Well, that's the view from New York State.

Traditional values against oil culture

It's hard to argue that global warming won't hit the South harder than New England or New York. And unless we act to reduce fossil-fuel pollution fast, the Appalachians may be the only place south of the Mason-Dixon to retreat when coasts are devastated by Katrina-strength storms, and tidewater and piedmont lands are infested by mosquitoes bringing malaria and dengue fever.

Of course, we don't have to see Kunstler's vision as a literal prediction. Might it just be a rhetorical exercise, a provocation to shock us into preparing for peak oil (and, to a lesser extent, global warming)?
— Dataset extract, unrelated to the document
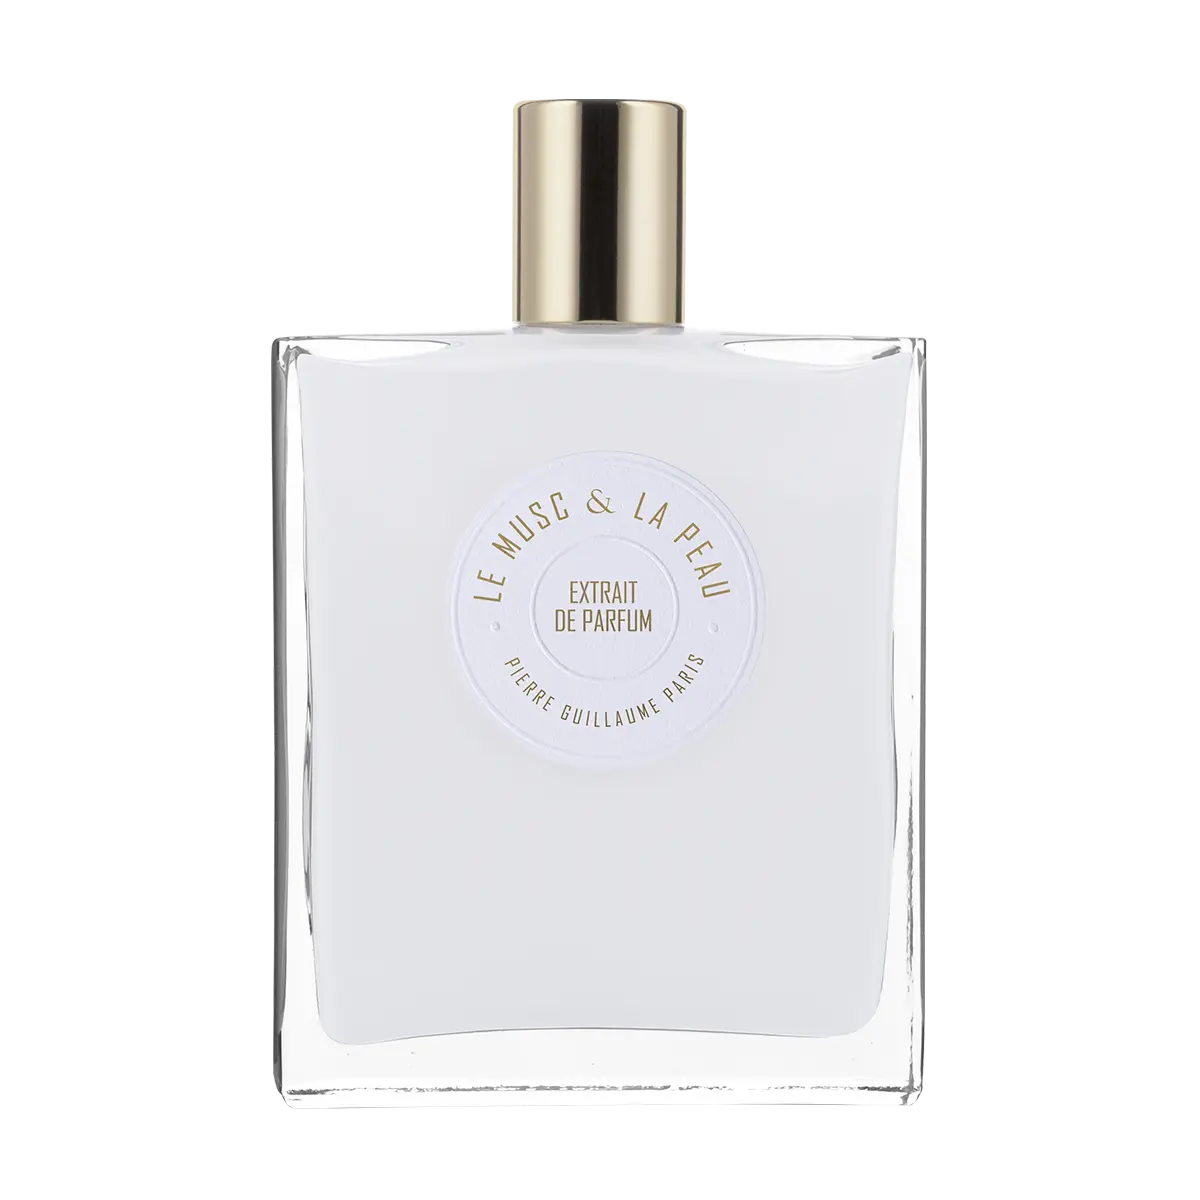 Pierre Guillaume Le Musc &amp; La Peau Extraits de Parfum

Yet, if we want to play this scenario game, it seems fair to ask whether there might also be aspects of the South's traditional culture that are more progressive than those that Kunstler finds.

Indeed, might the South, with its small-town and agrarian values, be better off in an energy-starved world where we have to make more of our stuff and grow more of our food close to home than many places in the North that have always relied heavily on trade and manufacturing?

While the twin evils of suburban sprawl and factory farming are indeed huge threats to a sustainable future, they have not yet entirely snuffed out the traditional Southern way of life that, in many aspects, remains a model for a re-localized society elsewhere.

Many communities still retain vibrant local economies. My own town, Staunton, has seen a renaissance of its downtown, with numerous shops and restaurants in walking distance from hundreds of well-preserved Victorian homes and Mary Baldwin College. A seasonal farmer's market is increasingly popular as a source of local food from the Shenandoah Valley's many remaining family farmers.

Nearby, in the grazing land southwest of town, superstar organic farmer Joel Salatin - profiled in Michael Pollan's 2006 book The Omnivore's Dilemma: A Natural History of Four Meals - spreads his gospel of sustainable local food one juicy steak at a time.

Perhaps Southern towns will be slower to adopt written peak-oil plans or formal re-localization efforts than places in New England or California. But the flip side of this intellectual conservatism is that the South was also slow to give up the small-town life and vibrant communities that such activist efforts attempt to rebuild.

Like Staunton, hundreds of other towns across the region have embraced (or never abandoned) farmer's markets, revamped their downtowns and nurtured the best of the South's values - family, community and stewardship of the earth.

For many, these values are entirely in line with the Southern religiosity that seems so frightening to many Northern liberals.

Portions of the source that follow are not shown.